After you have installed the prerequisites, edit cmd.sh in the s5/ directory of this distribution to adjust for the number of processors you have locally (change nJobs and nDecodeJobs accordingly). You could probably also uncomment the cluster configuration and run the scripts on a cluster, but this is untested and may require some tinkering to get it running.
Then, simply run ./run.sh in s5/ to build the acoustic and language models. The script will ask you where to place larger files (feature vectors and KALDI models) and automatically build appropriate symlinks. Kaldi_lm is automatically downloaded and compiled if it is not found on your system and standard Kneser-Ney is used for a 3-gram LM.
You can of course also use and download our data resources separately.
The corpus can be downloaded here. The license is CC-BY 4.0. The run.sh script expects to find the corpus data extracted in data/wav/ and will download it for you automatically, if it does not find the data.
Preprocessed read sentences from the German Wikipedia, the European Parliament Proceedings Parallel Corpus and a crawled corpus of direct speech can be found here
The scripts expect to find one gzipped text file containing all the sentences (each on its own line) in data/local/lm/cleaned.gz
The preproccesing with MARY canonicalizes numbers, literals and abbreviations and removes all punctuation. E.g. 51 is changed into "einundfünfzig". Spelling is currently not canonicalized, but rules to translate from old German spellings (pre-1996 and pre-2004/06) are planned for a later release.

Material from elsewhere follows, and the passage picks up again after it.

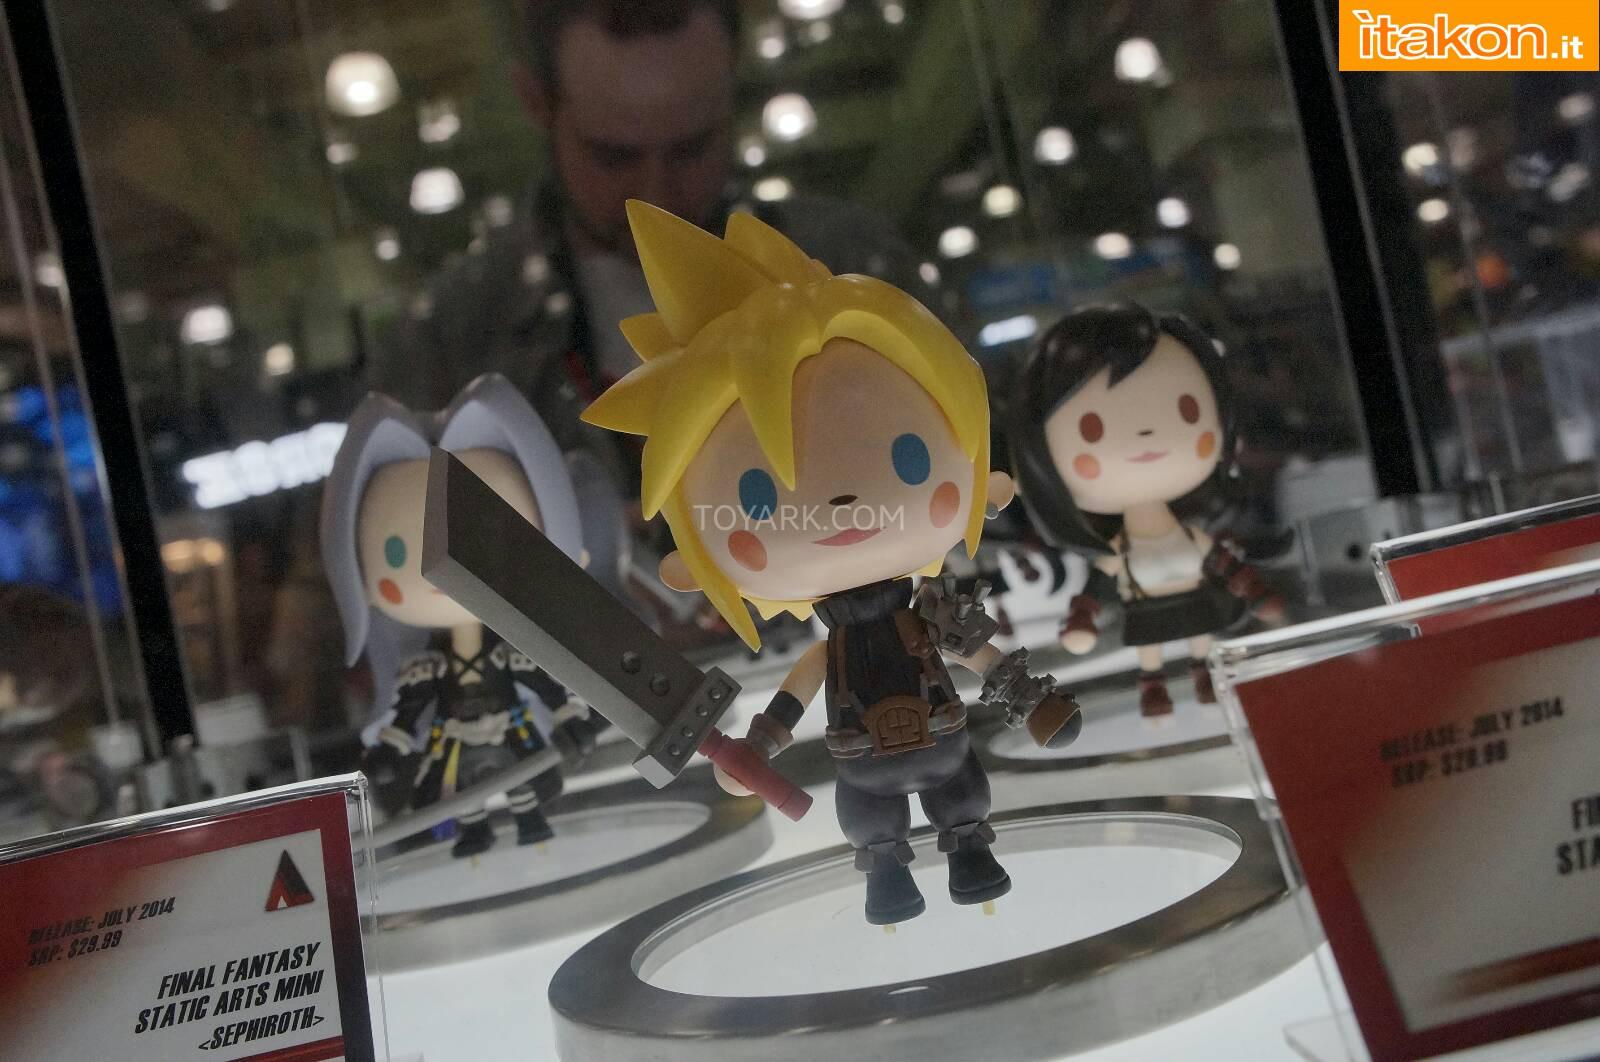 Link a Toy-Fair-2014-Square-Enix-Final-Fantasy-Static-Arts-003

If you want to preprocess your own texts, you can use s5/local/maryfy_corpus.py.
python s5/local/maryfy_corpus.py --help
should point you into the right direction. You need to supply the path of the MARY server start script. MARY will unfortunately have problems if you try to process millions of lines of text in one go and it might become unresponsive with all its processing threads being stuck in endless loops. The current quick hack implemented in maryfy_corpus.py will routinely call "killall java" and then restart MARY. This of course only works, if you have no other Java programs running under your username besides MARY.
The phoneme dictionary is currently not supplied with this distribution, but the scripts to generate them are. DFKIs MARY includes a nice LGPL German phoneme dictionary with ~36k entries. Other sources for phoneme dictionary entries can be found at BAS. Our parser understands the different formats of VM.German.Wordforms, RVG1_read.lex, RVG1_trl.lex and LEXICON.TBL. The final dictionary covers ~44.8k unique German words with 70k entries total (pronunciation variants). You can also disable the BAS dictionaties, if it is important for to have a phoneme dictionary with an open license. You will then have a lexicon with ~36k unique German words and no pronounciation variants.

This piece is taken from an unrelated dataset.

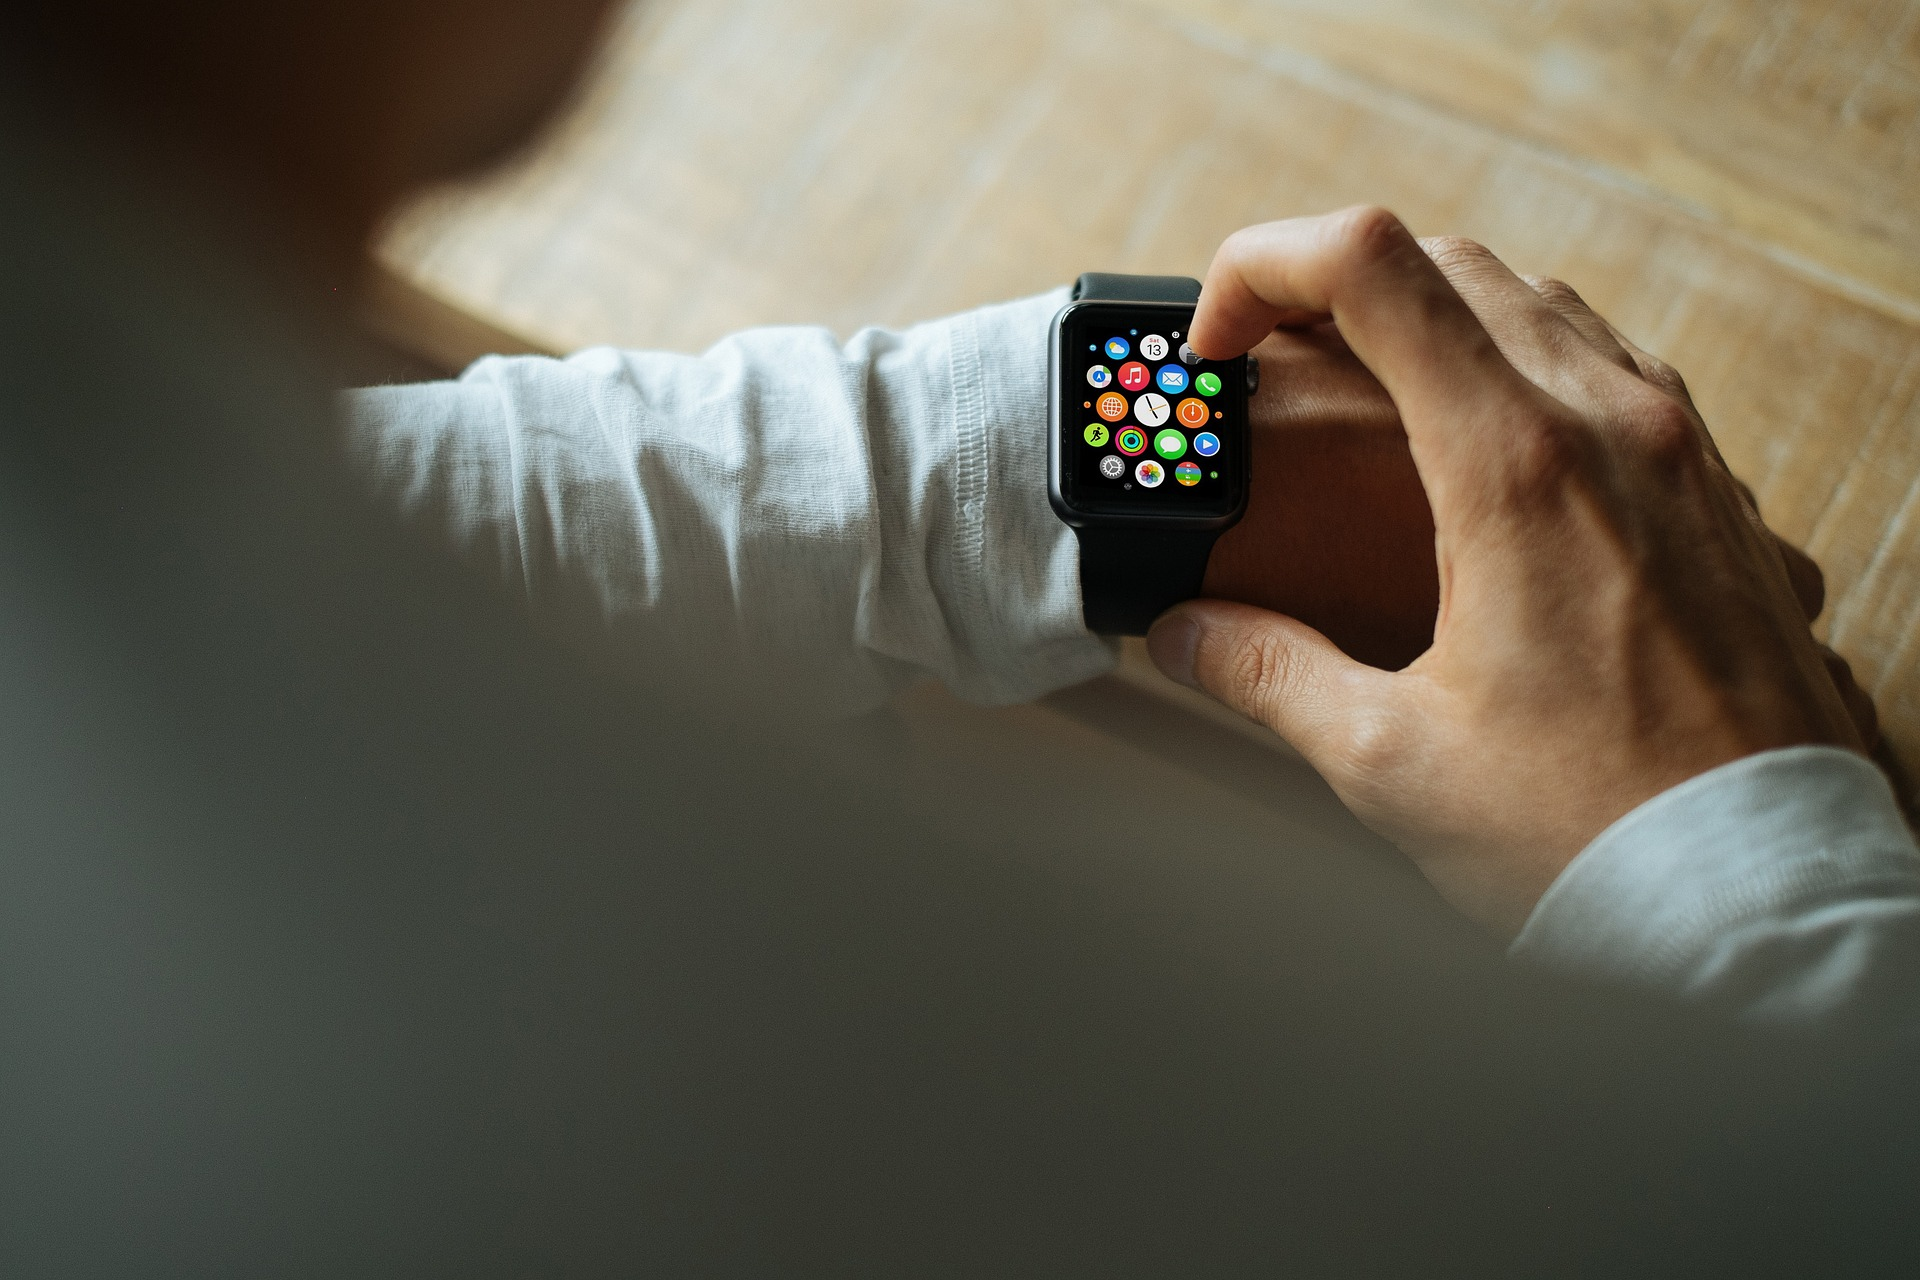 smart-watch-821563_1920

build_big_lexicon.py can import many dictionaries in the BasSAMPA format and merge them into a single dictionary. Its parser understand many variants and dialects of BasSAMPA and the adhoc dictionary formats. To support new variants you'll have to edit def guessImportFunc(filename). The output is a serialised python object.
export_lexicon.py will export such a serialised python dictionary into KALDIs lexion_p.txt format (this allows to model different phonetic realisations of the same word with probabilities). Stress markers in the phoneme set are grouped with their unstressed equivalents in KALDI using the extra_questions.txt file. It is also possible to generate a CMU Sphinx formated dictionary with the same data using the -spx option. The Sphinx format also allows pronunciation variants, but cannot model probabilities for these variants.